Propos recueillis par Christiène Brancier, Rédactrice en chef adjointe
Trente-trois ans après sa création, pourquoi Cegid a-t-elle décidé d’ouvrir son capital à des investisseurs étrangers ? N’y avaitil pas en France des acteurs capables d’opérer un tel rachat ?
Patrick Bertrand. Nous nous sommes posés la question. Pouvions-nous trouver en France, ou même en Europe, des éditeurs de
taille moyenne - je ne parle pas de sociétés comme SAP - qui soient suffisamment importants et en capacité de racheter une
entreprise comme la nôtre ? Et bien, la réponse est Non. Il y a dans notre pays un vrai problème de fragmentation du marché,
avec de très nombreux petits acteurs, un ou deux très grands et seulement quelques ETI, comme Cegid, qui se comptent sur les
doigts d’une main. Et cela n’est malheureusement pas un facteur de dynamisme pour les entreprises du secteur car il est très
difficile dans ces conditions de faire jouer l’écosystème pour créer de la valeur ajoutée et partager un projet de développement
ambitieux dans le temps.
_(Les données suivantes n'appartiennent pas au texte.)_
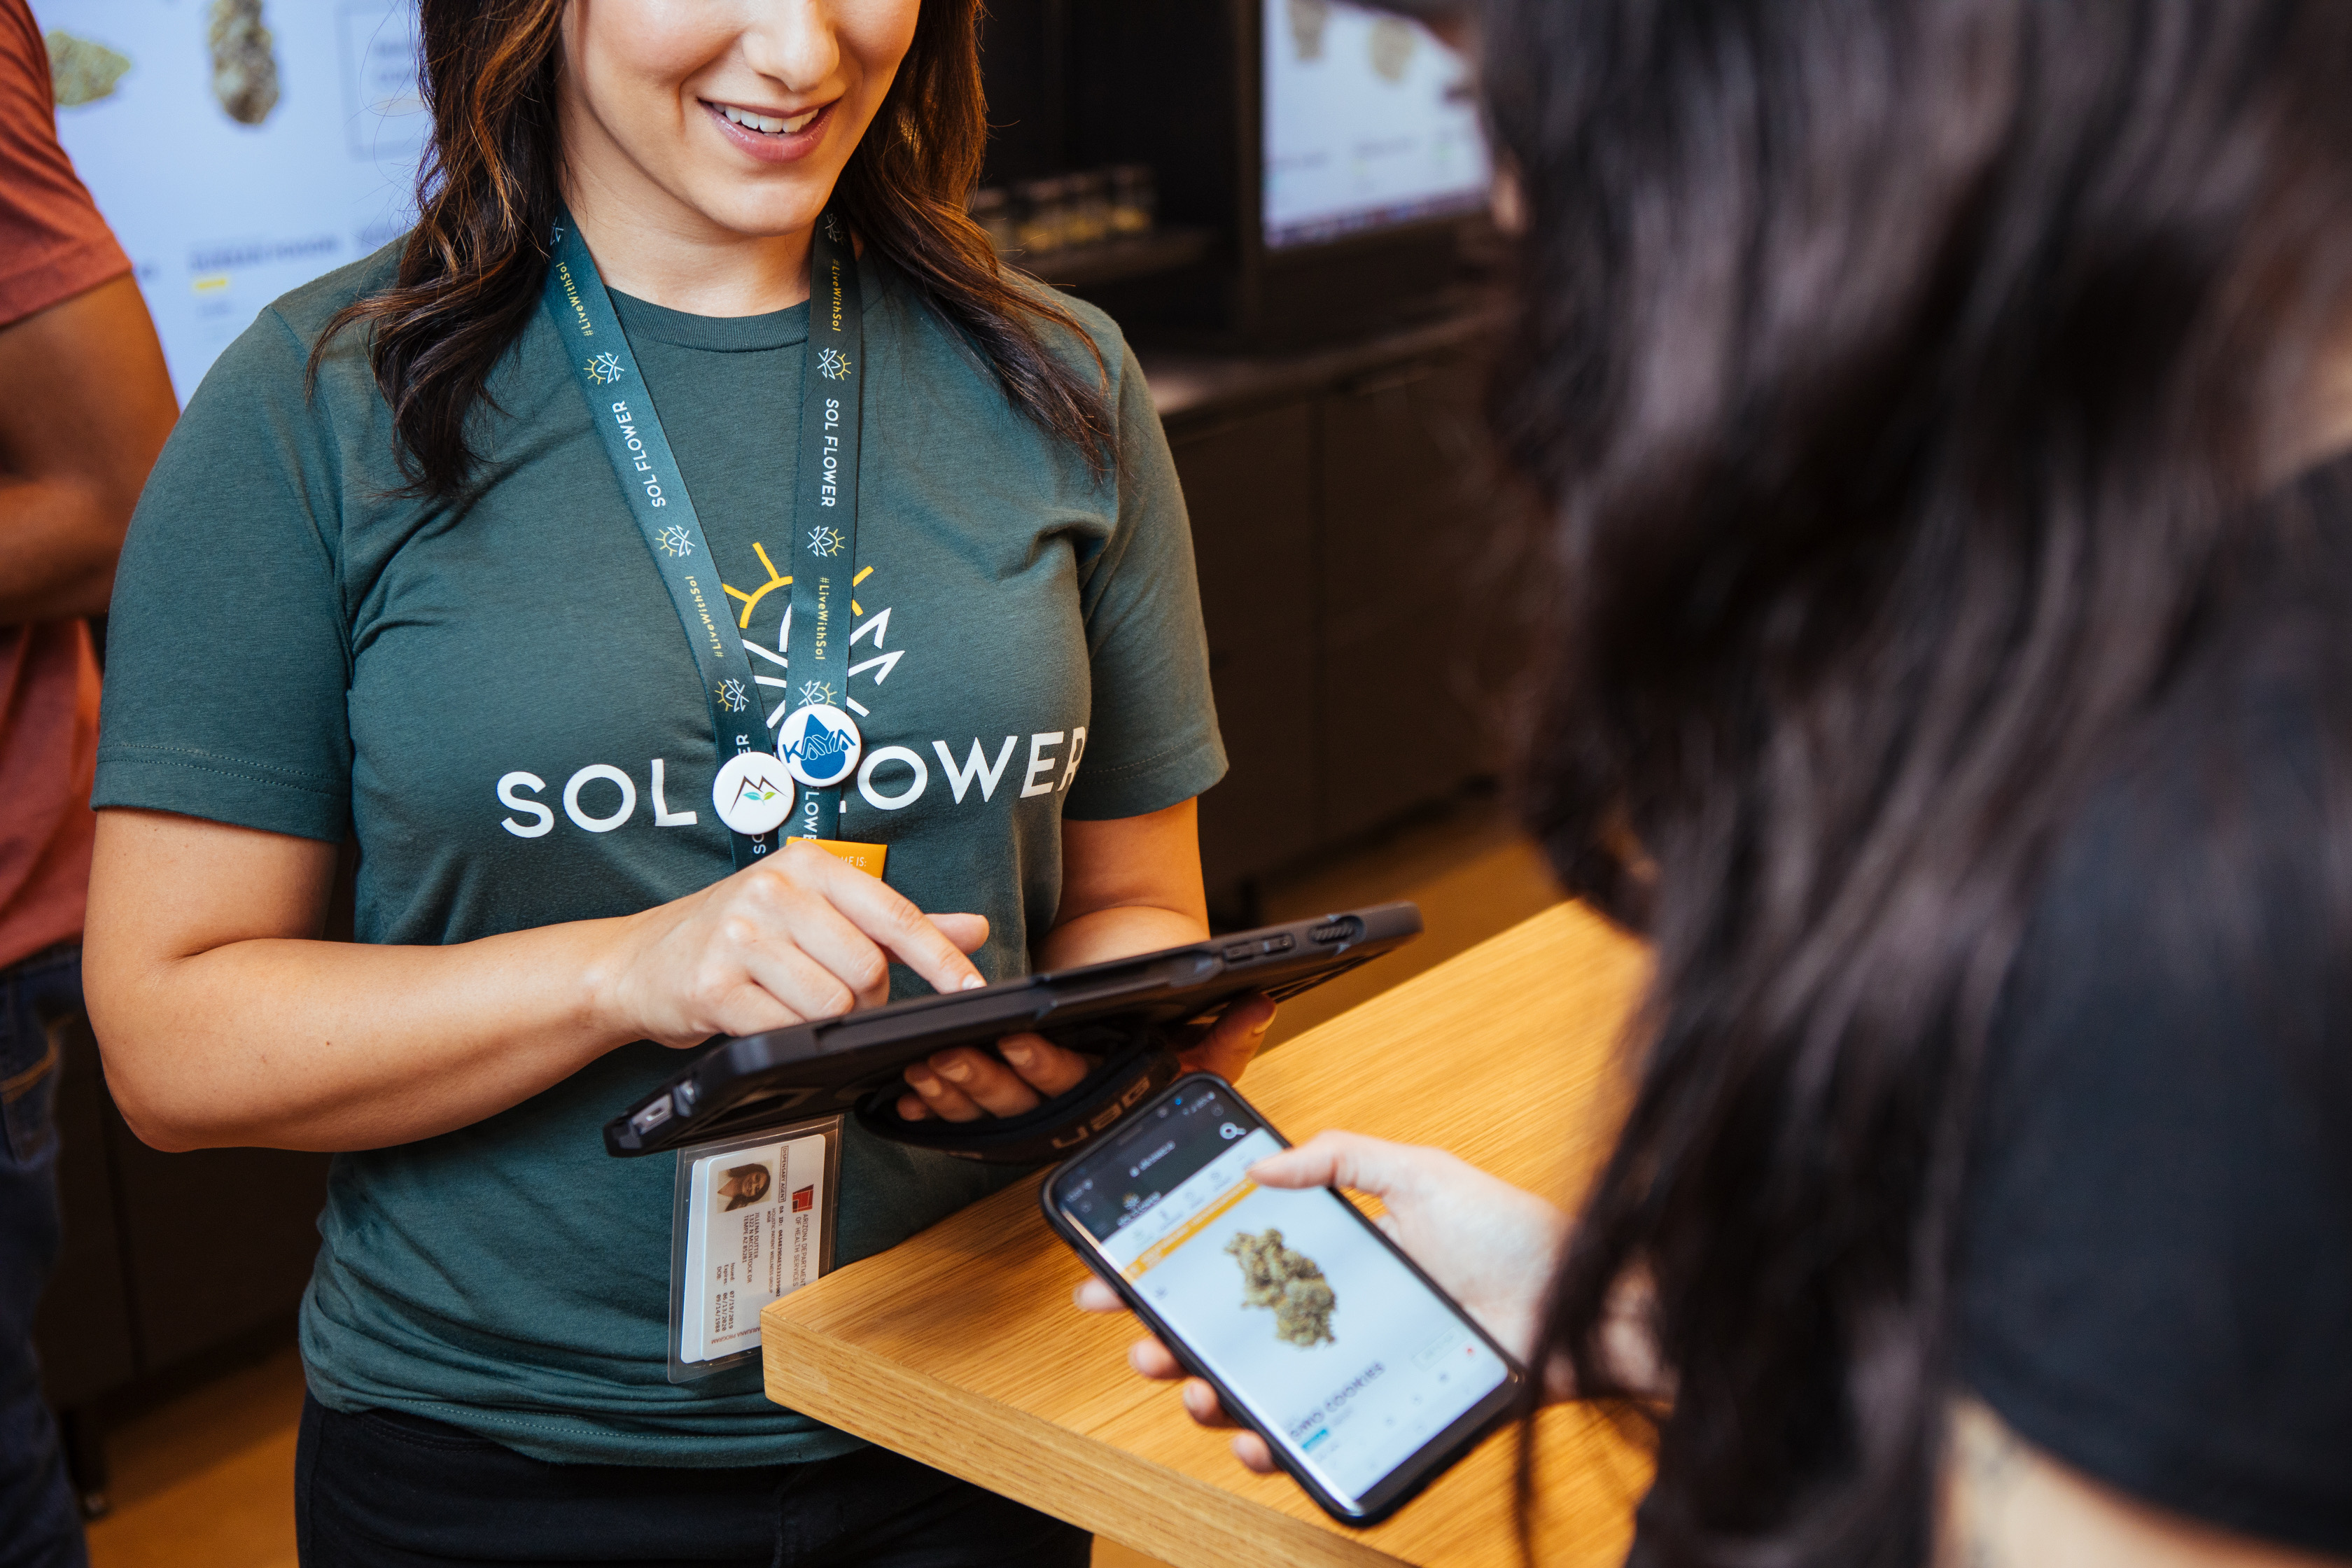 Medical cannabis patients have access to craft flower, premium concentrates, full-flavored edibles, industry-leading vape pens and cartridges, and high-performance tinctures and topical at Sol Flower.
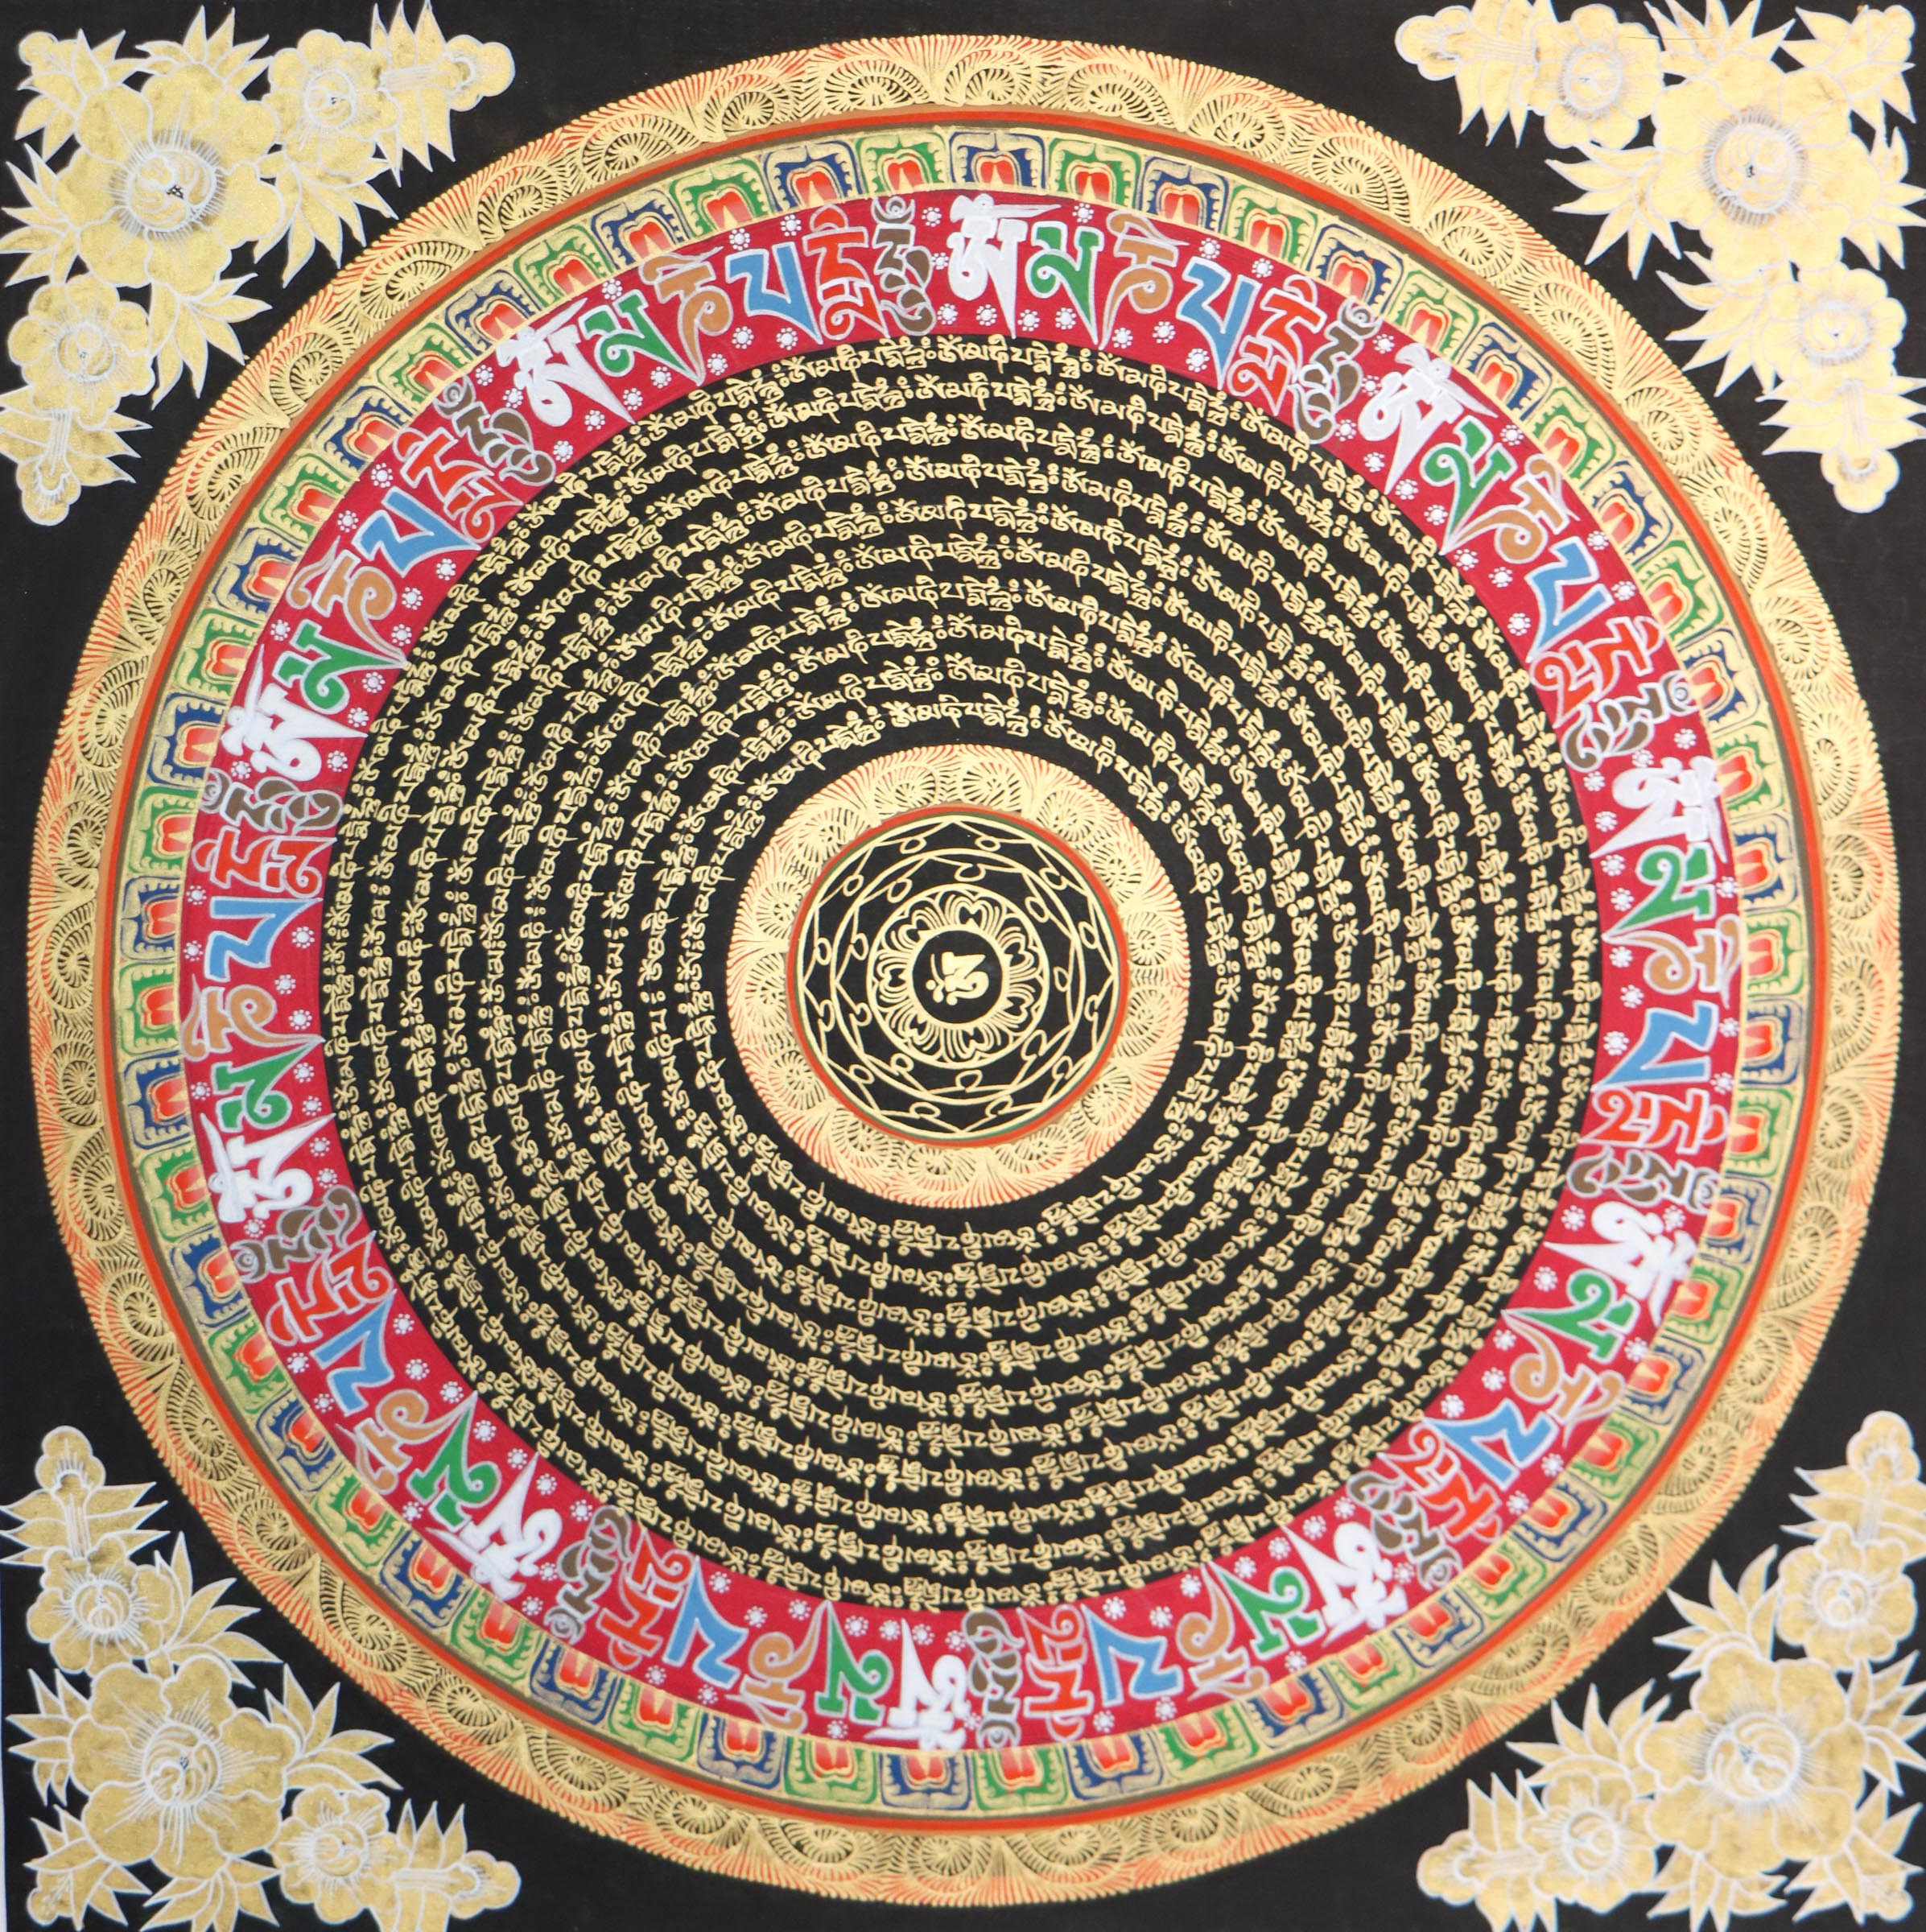 Black and Gold Mandala large size for home decor - Tibetan Thangka for good luck and positive enrgy

Qui plus est, la configuration actionnariale de Cegid, ne favorisait pas vraiment un rapprochement avec
une société d’une taille similaire à la nôtre. L’opération aurait conduit à une dilution des actions. Ce n’est pas ce que nous
souhaitions. Le rachat par un autre industriel du secteur aurait, en outre, posé la question du devenir des collaborateurs, des
clients, des produits… Avec des investisseurs comme SilverLake et AltaOne, tout est beaucoup plus simple. SilverLake possède
déjà une vraie compétence dans l’IT (c’est même l’un des plus gros fonds d’investissements du secteur avec dans son portefeuille
des acteurs comme Avaya, Dell, Alibaba, Talend, Broadcom ou encore Solar Winds, ndlr). Et AltaOne Capital a dans son ADN la
volonté de travailler avec des entrepreneurs, souvent fondateurs de leur entreprise, pour leur permettre de devenir des leaders
de leur secteur. Avec ces deux nouveaux partenaires à nos côtés, nous allons pouvoir accélérer encore notre stratégie de
développement. Leur arrivée ne change pas nos projets. C’est un moteur supplémentaire à leur réalisation. Et c’est bien là
l’essentiel. Quant à la question de leur origine géographique… J’aimerais bien savoir depuis quand la nature de l’actionnariat
qualifie la nationalité d’une entreprise ! Cegid reste un groupe au savoir-faire français. Avec, à sa tête, les mêmes hommes : JeanMichel Aulas, son fondateur, demeure président du Conseil d’administration et je continue d’en assurer la direction générale.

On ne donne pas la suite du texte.